Bad control characters in GHCi 6.6 (Mac OS X PPC)

Deborah Goldsmith dgoldsmith at mac.com
Mon Oct 30 17:40:29 EST 2006


On Oct 23, 2006, at 8:59 AM, Björn Buckwalter wrote:

> On 10/19/06, Simon Marlow <simonmar at microsoft.com> wrote:
>> See this page that I just created:
>>
>> http://hackage.haskell.org/trac/ghc/wiki/Building/MacOSX
>
> I tried these instructions, first by using my existing (darwinports)
> readline in /opt/local, and when that failed by first installing
> readline in /usr/local per the instructions. Neither fixed the
> problem. I don't know why but perhaps I failed to remove the traces of
> my initial install completely. In the end I gave up and installed Greg
> Heartsfield's binary package which remedied my problems (thanks
> Greg!).

I think I have this partially figured out.

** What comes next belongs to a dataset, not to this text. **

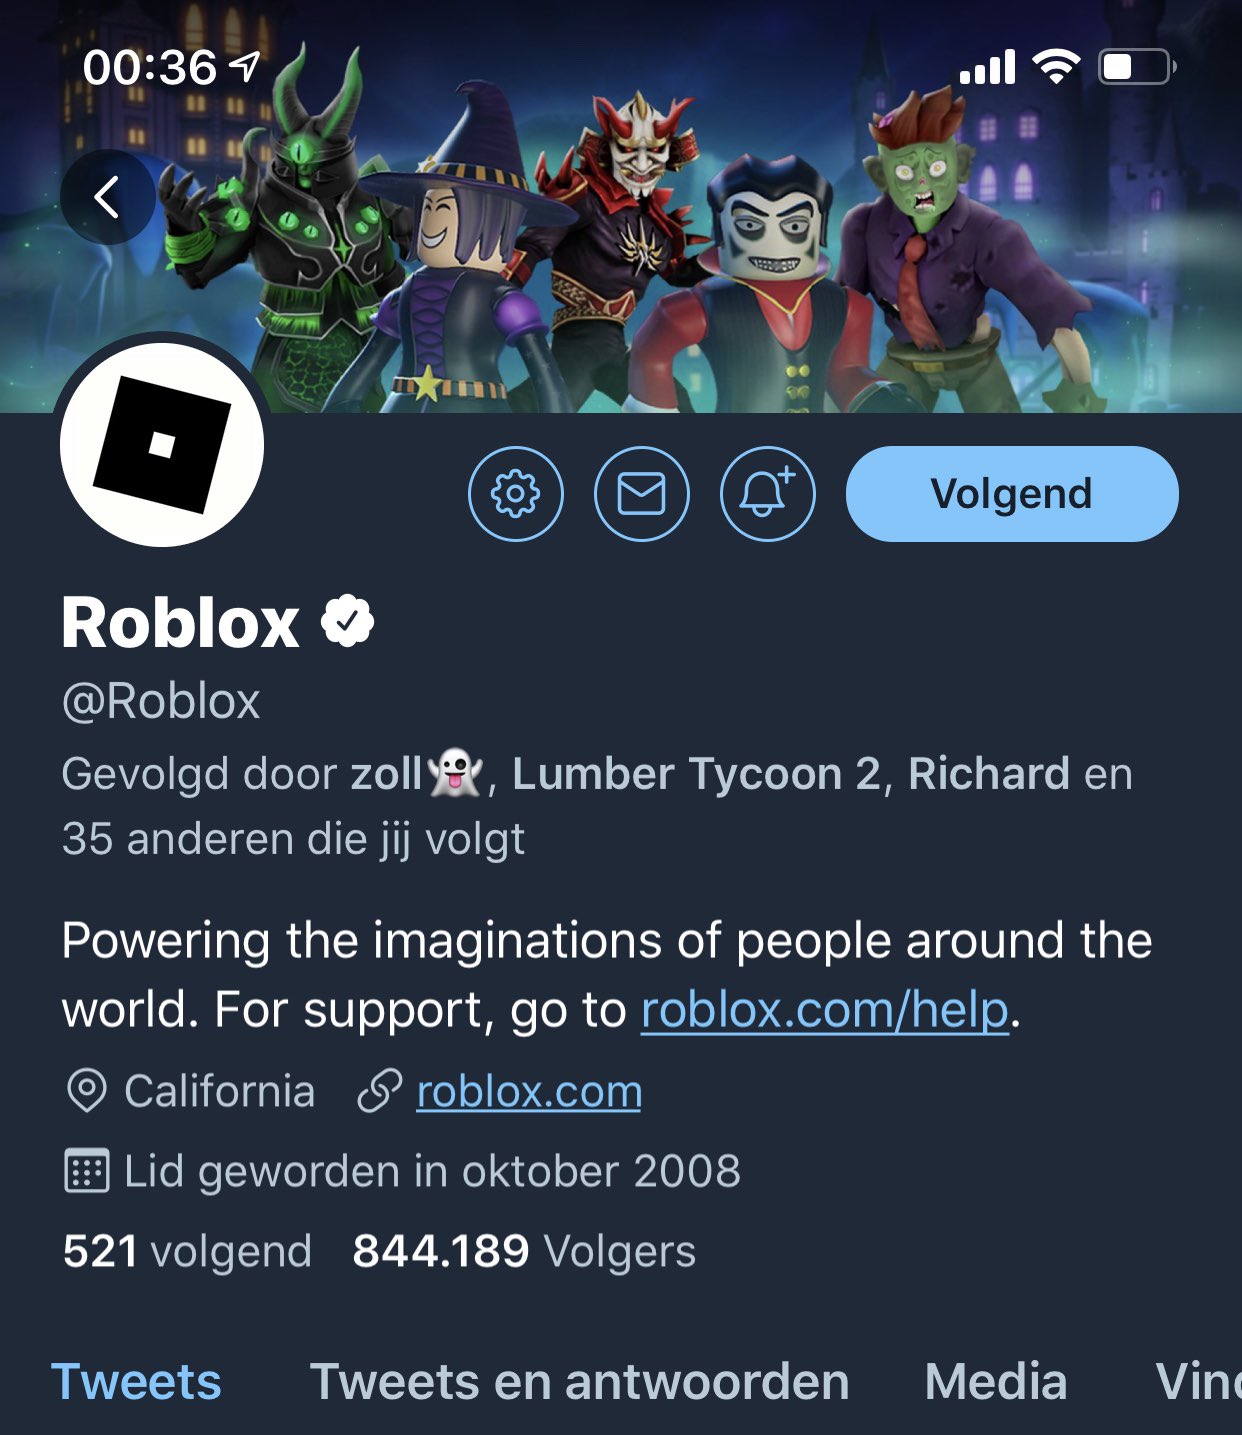 Tom On Twitter Yo Roblox Tell Us The Truth Have You Guys Stolen Bethesda S Logo Piracy Stolen Roblox Robloxdev Retweet Rblx Robloxgiveaway Robloxdev Robloxretweet Robloxsucks Again Error227 Stolenlogofound Inspiration Bethesda - blue umad roblox

When I install version 5.1 of readline, rl_readline_version is  
defined as follows in <readline/readline.h>:

> /* **************************************************************** */
> /*                                                                  */
> /*                      Well Published Variables                    */
> /*                                                                  */
> /* **************************************************************** */
>
> /* The version of this incarnation of the readline library. */
> extern const char *rl_library_version;          /* e.g., "4.2" */
> extern int rl_readline_version;                 /* e.g., 0x0402 */
>

However, in ghc-6.6, libraries/readline/configure has the following:

> cat >>conftest.$ac_ext <<_ACEOF
> /* end confdefs.h.  */
>
> /* Override any gcc2 internal prototype to avoid an error.  */
> #ifdef __cplusplus
> extern "C"
> #endif
> /* We use char because int might match the return type of a gcc2
>    builtin and then its argument prototype would still apply.  */
> char rl_readline_version ();
> int
> main ()
> {
> rl_readline_version ();
>   ;
>   return 0;
> }
> _ACEOF
>

which is looking for rl_readline_version as a *function*. This fails  
(at the link stage on Darwin/Intel), even though GNU readline is  
installed, because the symbol type is wrong. The configure script  
concludes that libedit is being used, even though it's using GNU  
Readline v5.1.

Was rl_readline_version a function in earlier versions of GNU Readline?